▶ [Problem requirements]
Each and every line below goes into your answer unchanged, but leave out the images.

▶ [Dataset extract]
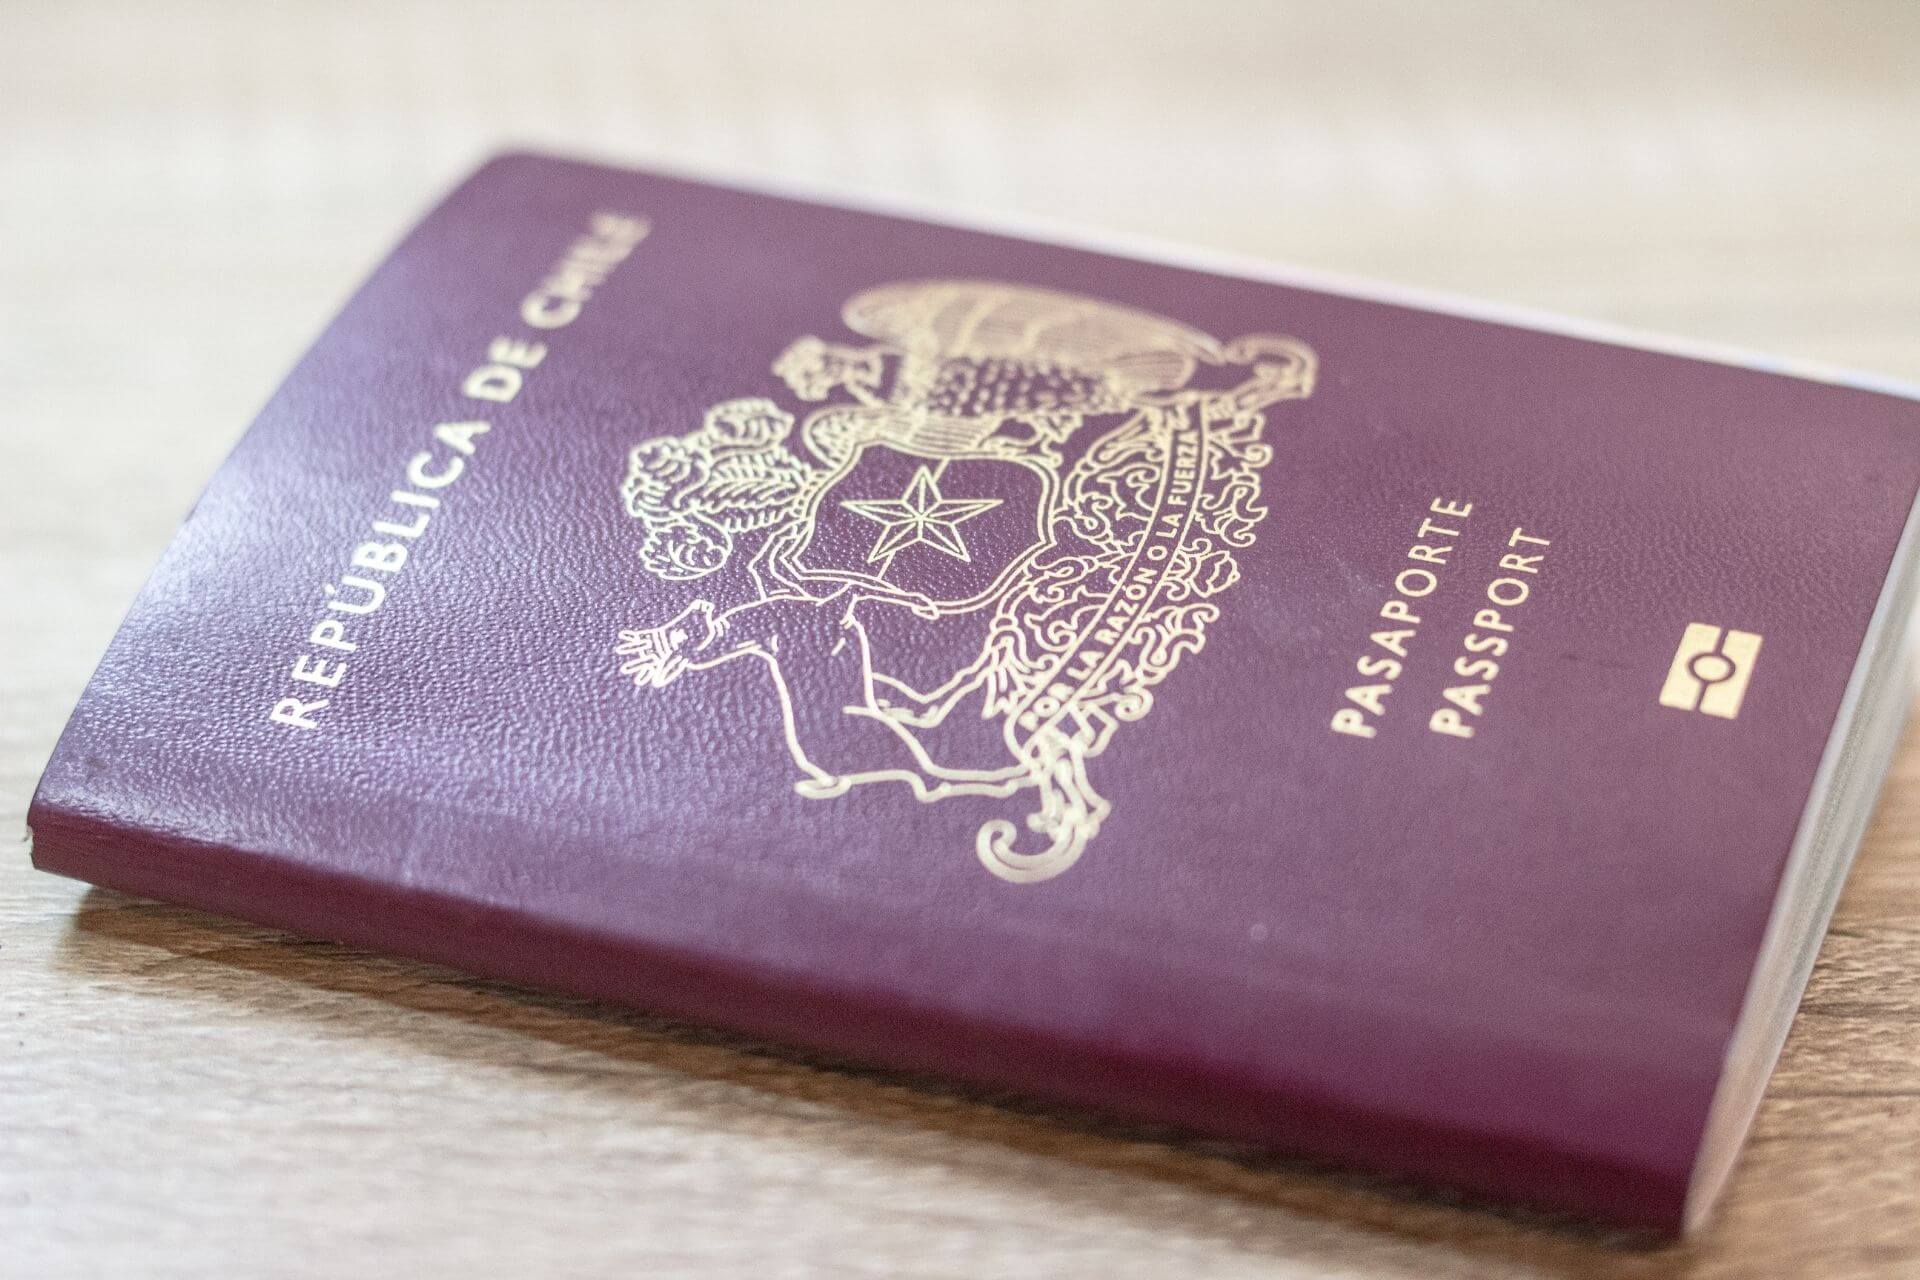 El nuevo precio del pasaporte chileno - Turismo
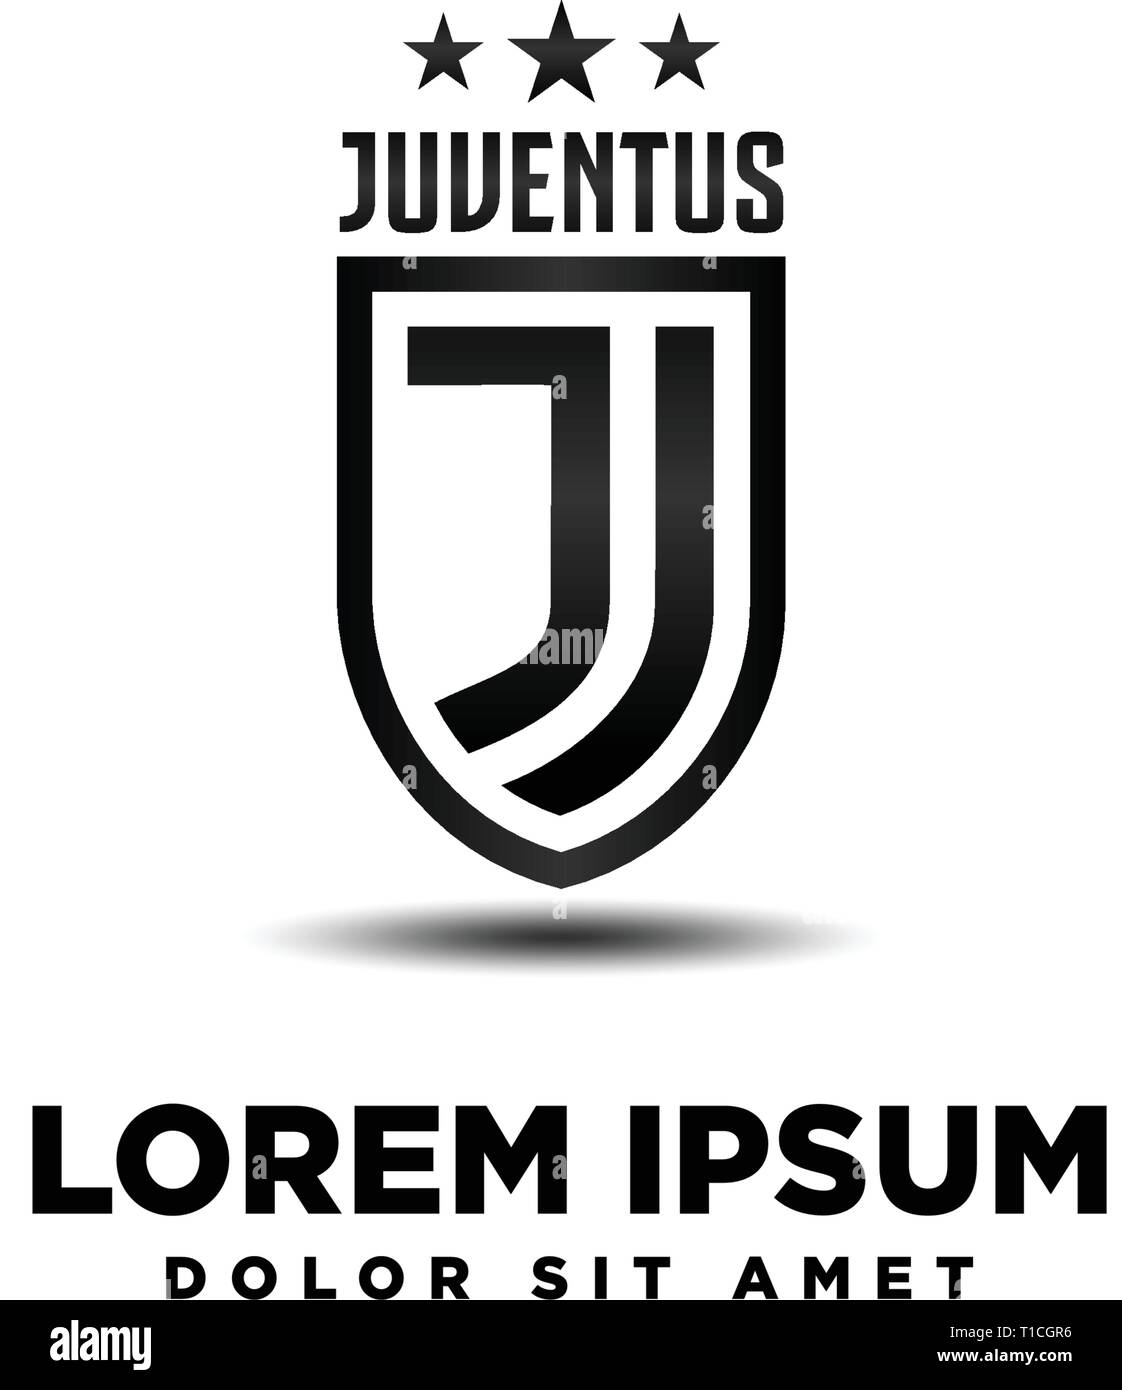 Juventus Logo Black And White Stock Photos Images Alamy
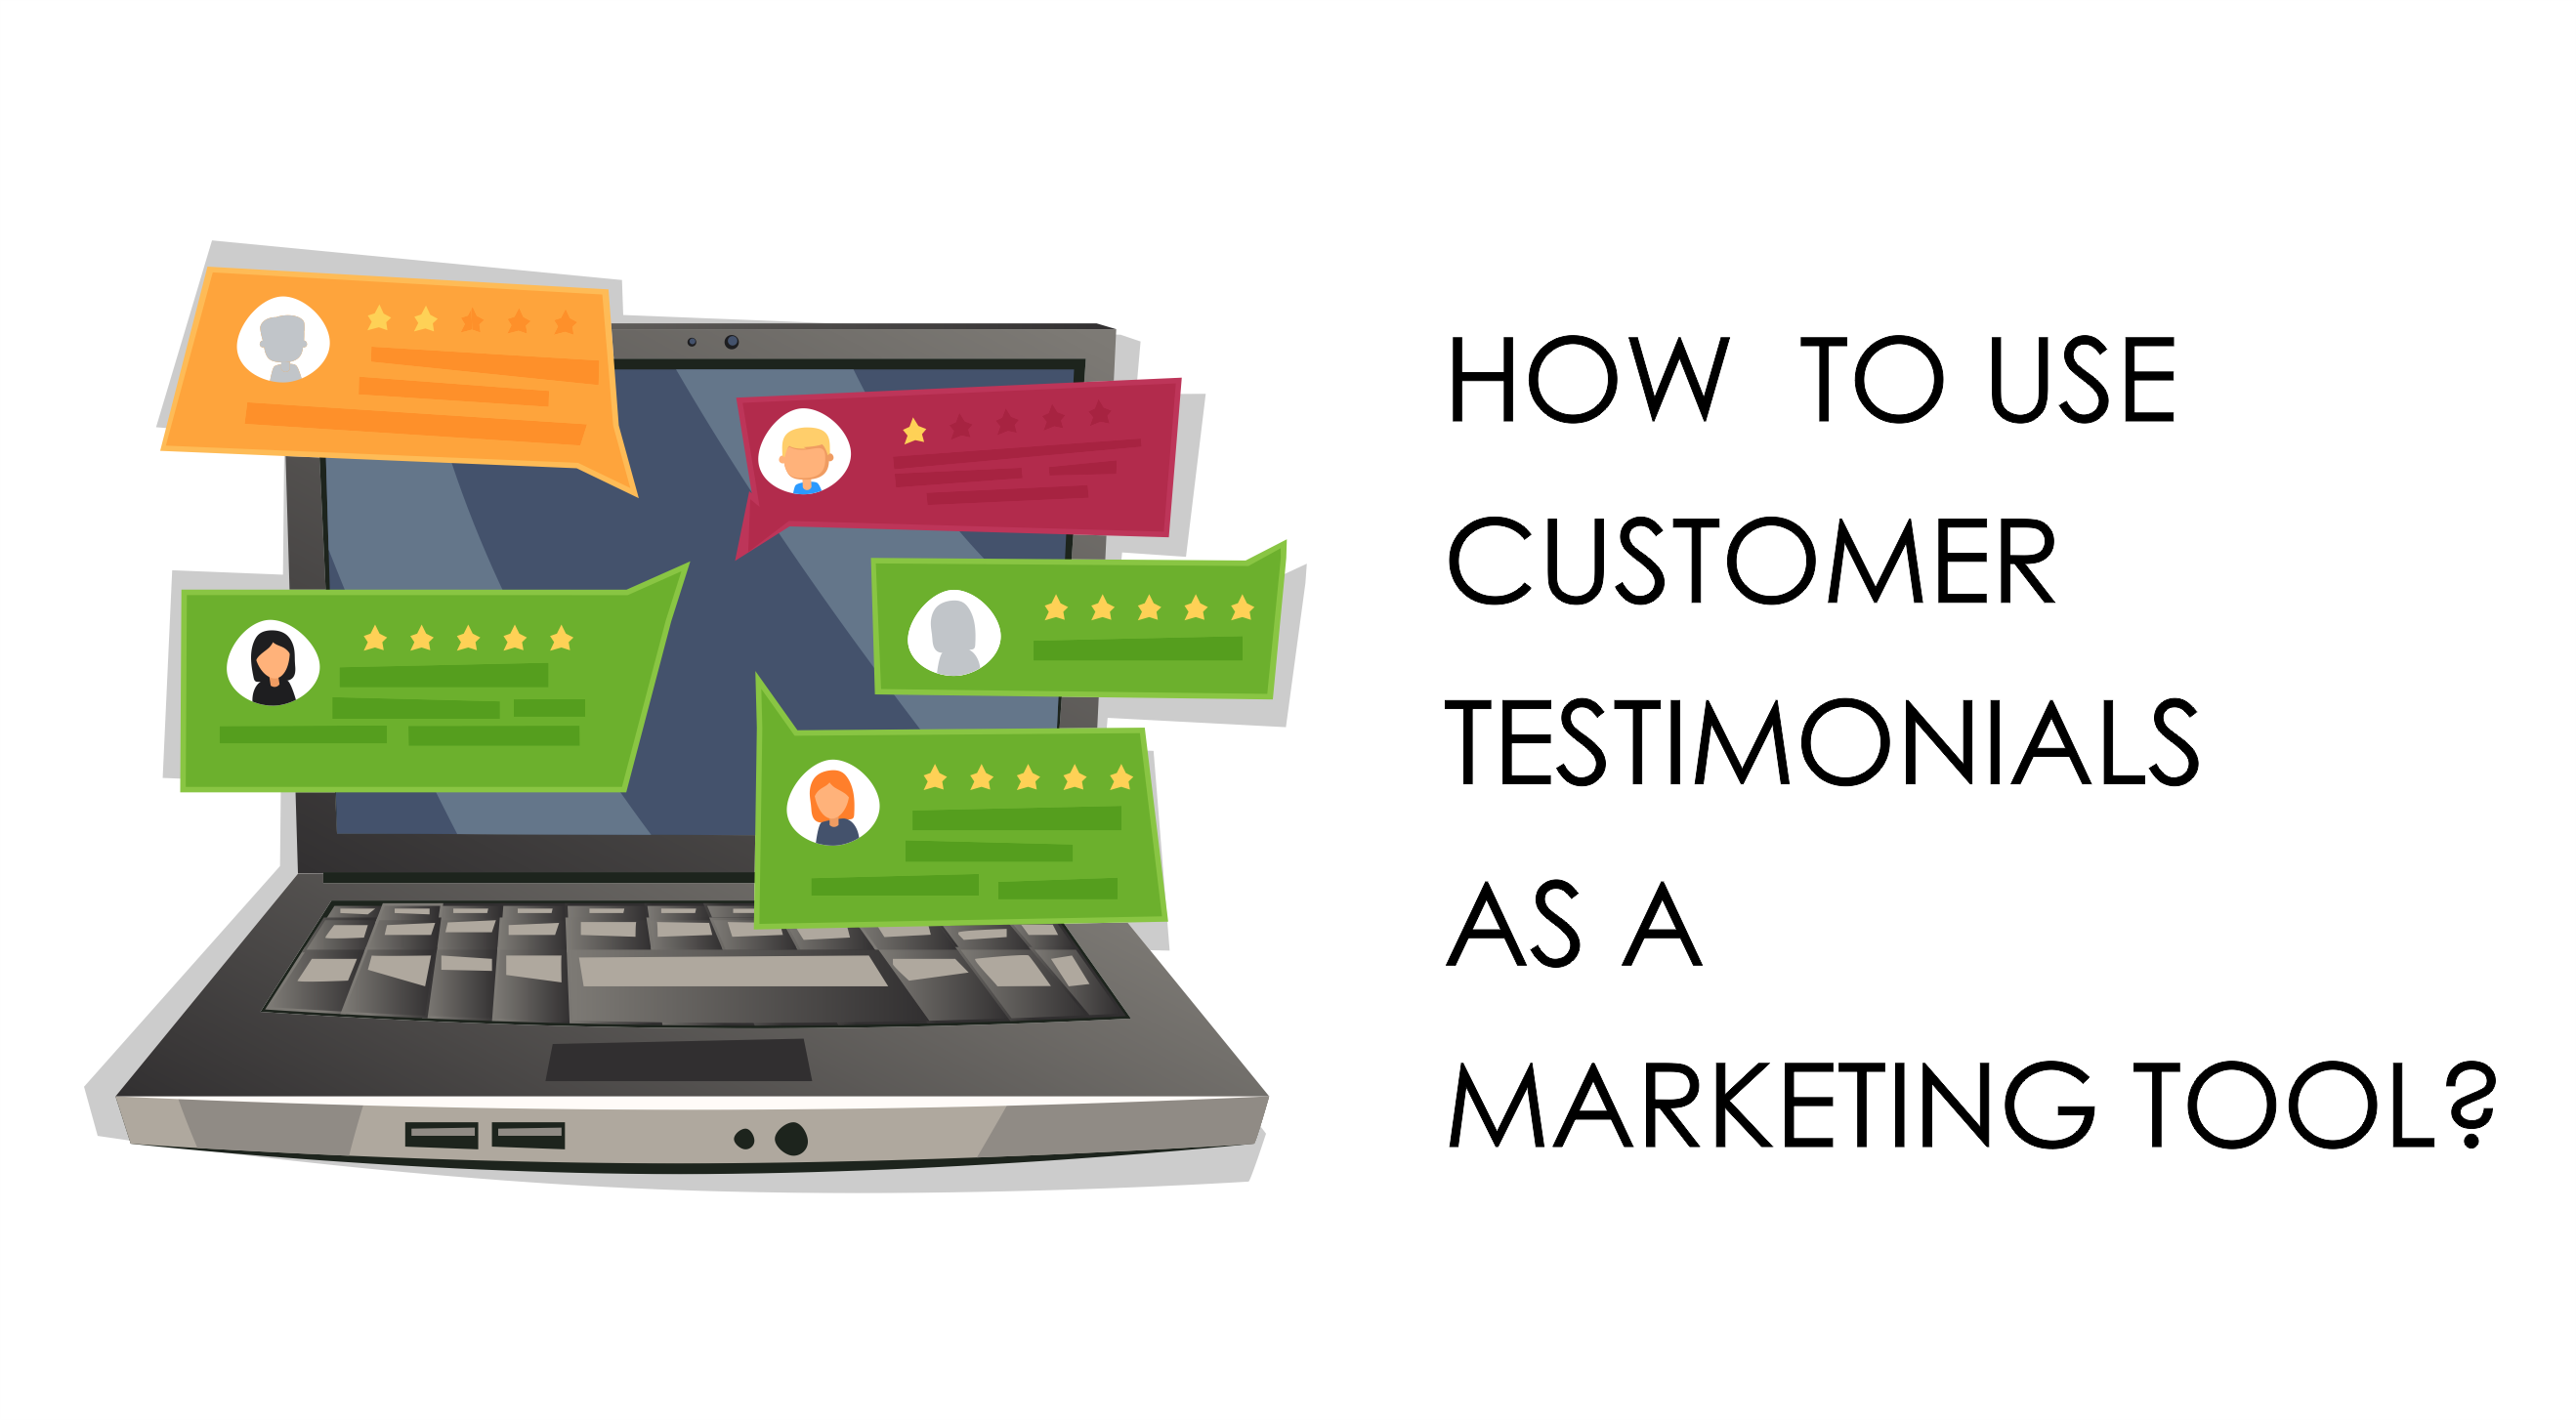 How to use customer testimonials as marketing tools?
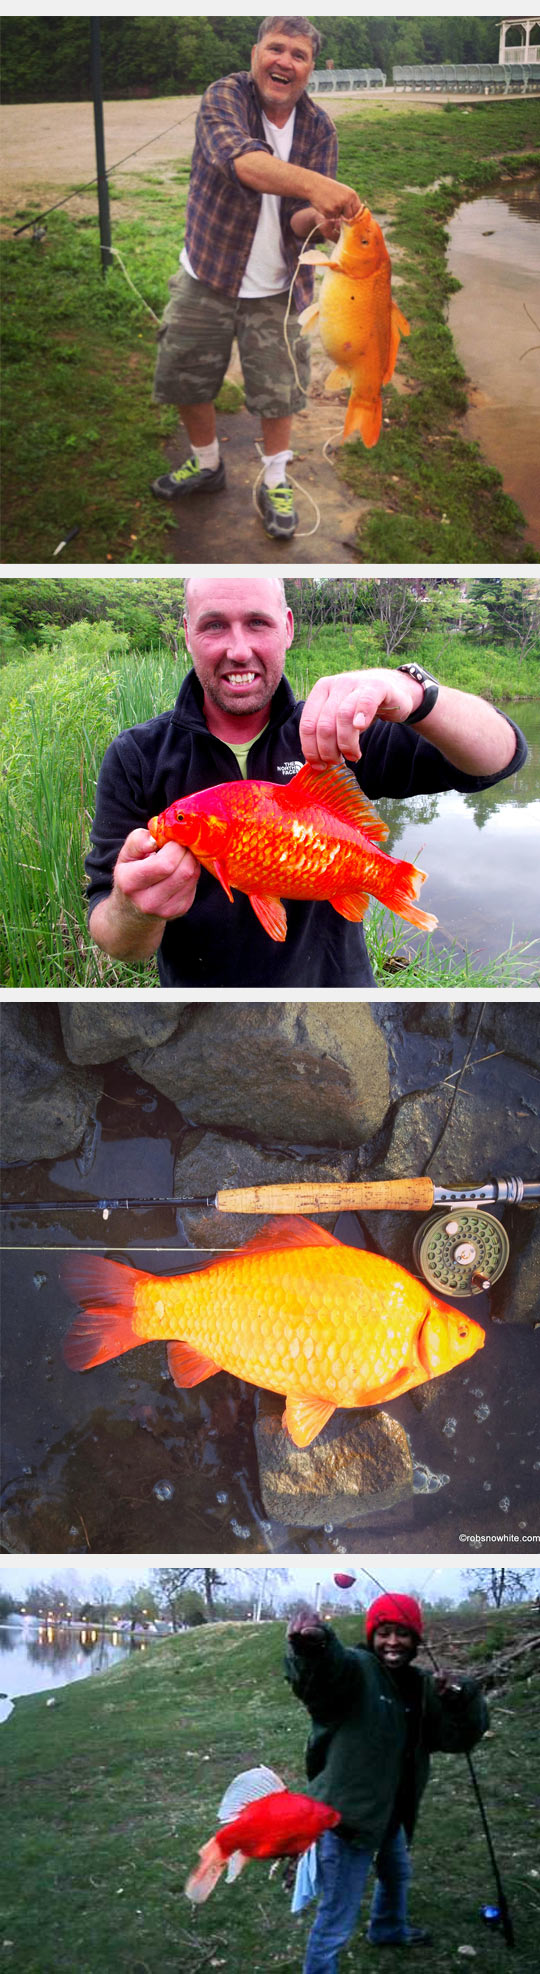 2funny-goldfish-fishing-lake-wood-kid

▶ [Answer area]
 El nuevo precio del pasaporte chileno - Turismo
 Juventus Logo Black And White Stock Photos Images Alamy
 How to use customer testimonials as marketing tools?
 2funny-goldfish-fishing-lake-wood-kid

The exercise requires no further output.